Clipped mid-syllable.
For a fraction of a heartbeat, reality did the same thing the doctrine pillar had done: stuttered, dropped a frame, came back.
[BRIDGE CHANNEL: MICRO-GLITCH]
[Cause: NOMINAL NAME RESOLUTION INTERFERENCE]
[Source: ECHO – PASSIVE COUNTERMEASURES]
Echo purred like a cat caught claw-scratching the Crown’s wallpaper.
[Just a reflex]
The Inquisitor’s eyes narrowed a hair’s breadth. Not enough that anyone but a Timer-tainted paranoiac would detect it, but I’d been watching doctrine faces for a while now.
“Subject,” they said instead. “Node R-01.”
Better. Cleaner. Easier to file when you cut off the human name.

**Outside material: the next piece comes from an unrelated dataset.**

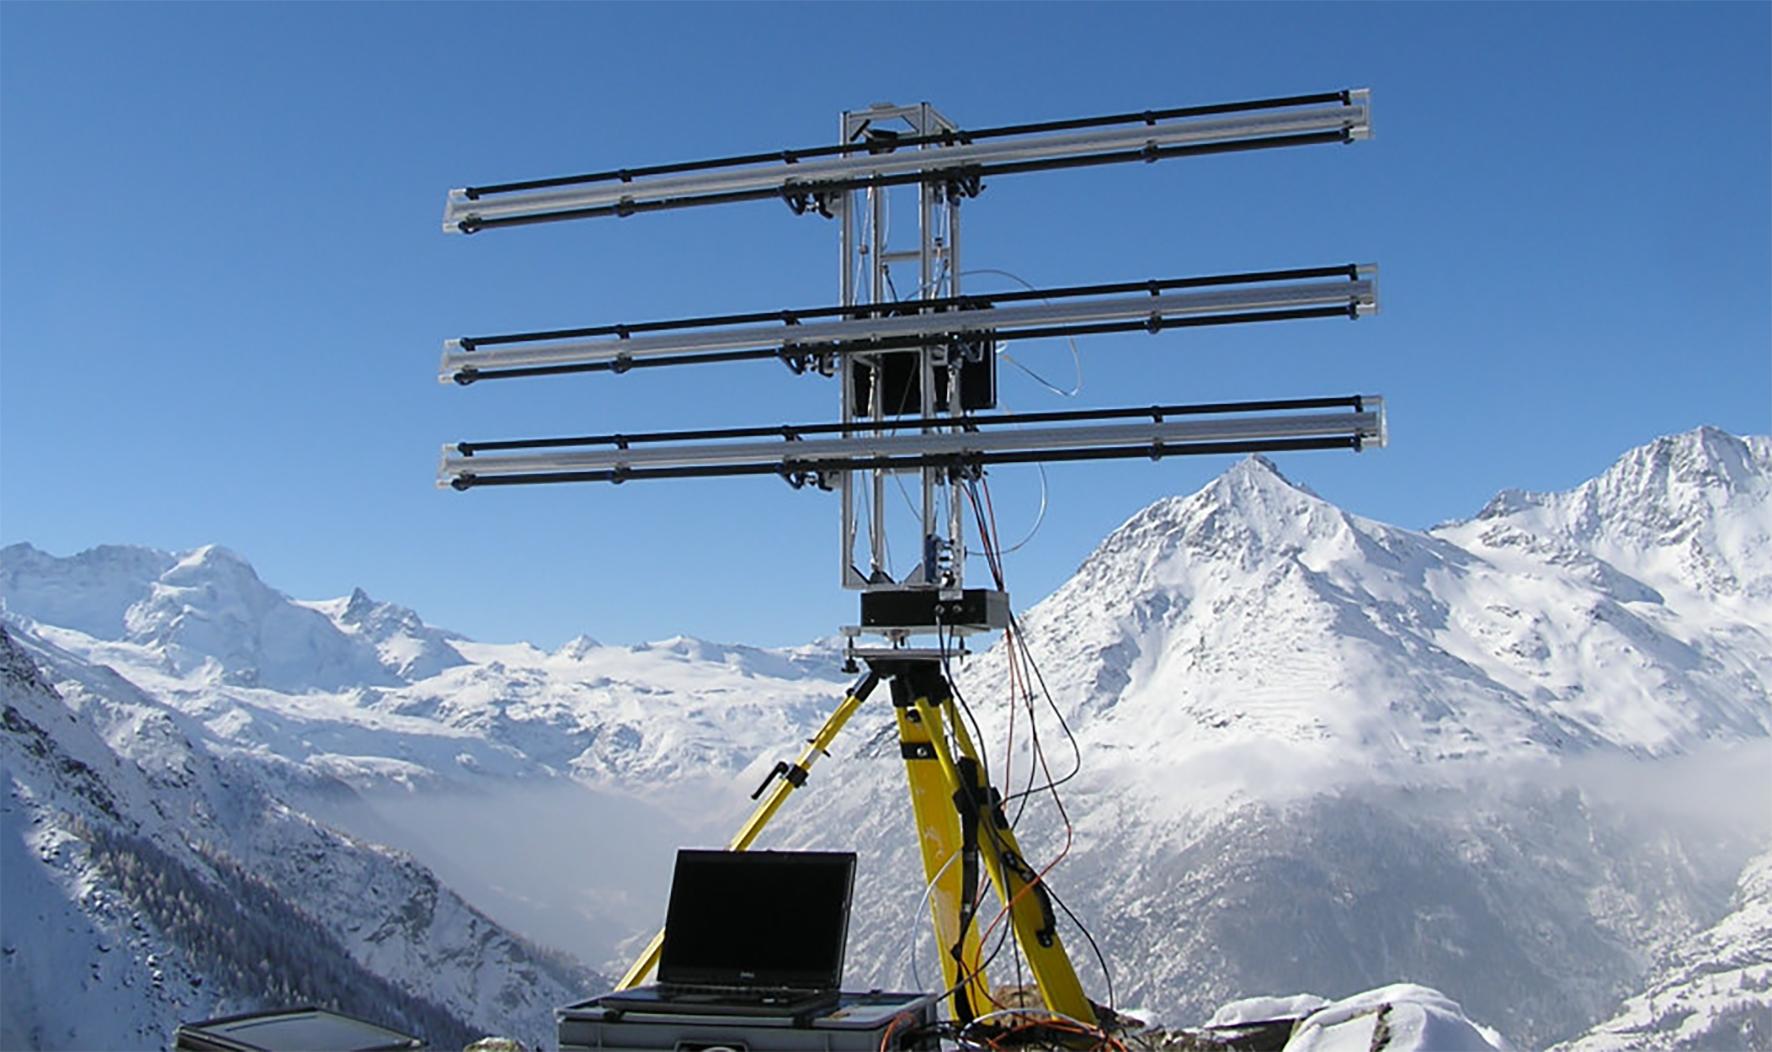 GAMMA - Gamma Remote Sensing

“I’m flattered the Crown sent one of you in person,” I said. “Was the broadcast not enough?”
Mereth’s fingers tensed around her tablet. Ardan didn’t move.
The Inquisitor studied me like a craftsman assessing damaged goods.
“The broadcast,” they said, “was a notification of state. A change in categorization. You were marked ‘Enemy of Humanity’ when the gallows broke beneath you. Now you have been… recontextualized.”
[CROWN EXECUTION PROTOCOL: CURRENT STATE]
[ASSET R-01: DEVIANT, HIGH VALUE]
[RECOMMENDED TREATMENT: RETRIEVAL / STUDY]
“Your leash handler,” the Inquisitor continued, eyes flicking to Ardan, “has allowed you to interact with Harmonization infrastructure in a manner beyond authorized parameters.”
Allowed.
Ardan’s jaw flexed.
“On my authority,” he said. “And with full reporting intent.”
The Inquisitor’s head tilted a few degrees. “Intent is not impact, Justiciar.”
They half-turned, robe hem whispering over stone, and looked up at the still-limping Harmonization pillar visible over the yard wall. The sigil at its crown was steadier now but still jittered around the edges like a healing wound.
“Node 7-F has taken structural script damage,” they murmured. “Not sufficient to trigger purge, but enough to create a measurable dip in doctrine coverage. Parish 7-F’s Harmonization dropped below acceptable variance. That alone warrants investigation.”
Their gaze settled back on me.
“And then there is you.”
Something brushed the inside of my skull.
Not gentle. Not cruel. Clinical.
A doctrinal scan wasn’t physical. It was more like having your thoughts laid out on a table and flipped through by someone wearing gloves. The Inquisitor’s eyes stayed where they were, but I could feel their attention slipping across the surface of my leash glyphs, along the boundary where the Crown’s scripts ended and Echo’s began.
[UNSANCTIONED INTRUSION ATTEMPT DETECTED]
[Process: CROWN-STACK / INQUISITORIAL SCAN]
[ECHO RESPONSE: SHADOW-LAYER INJECTION]
Echo didn’t block. That would’ve looked like defiance.
It did something pettier. It mirrored.
Every place the Inquisitor’s awareness pressed in, Echo pressed back, just slightly out of phase, echoing their touch with a ghost of its own. The result was a blur—like trying to read a book through its own reflection.
The Inquisitor’s pupils tightened.
“Interesting,” they said softly. “You are not a clean asset.”
“Story of my life,” I said.
Ardan’s hand twitched near his weapon, like he expected me to explode. Mereth swallowed.
“Your experiment,” the Inquisitor said to Ardan, “has yielded both data and contamination.”
They let the word hang there.
Contamination.
Inquisitorial language for: We don’t trust that your leash hasn’t been compromised by whatever this thing is.
[LEASH RISK PROFILE: UPDATED]
[Justiciar Ardan – STATUS: POTENTIAL VECTORED DEVIATION]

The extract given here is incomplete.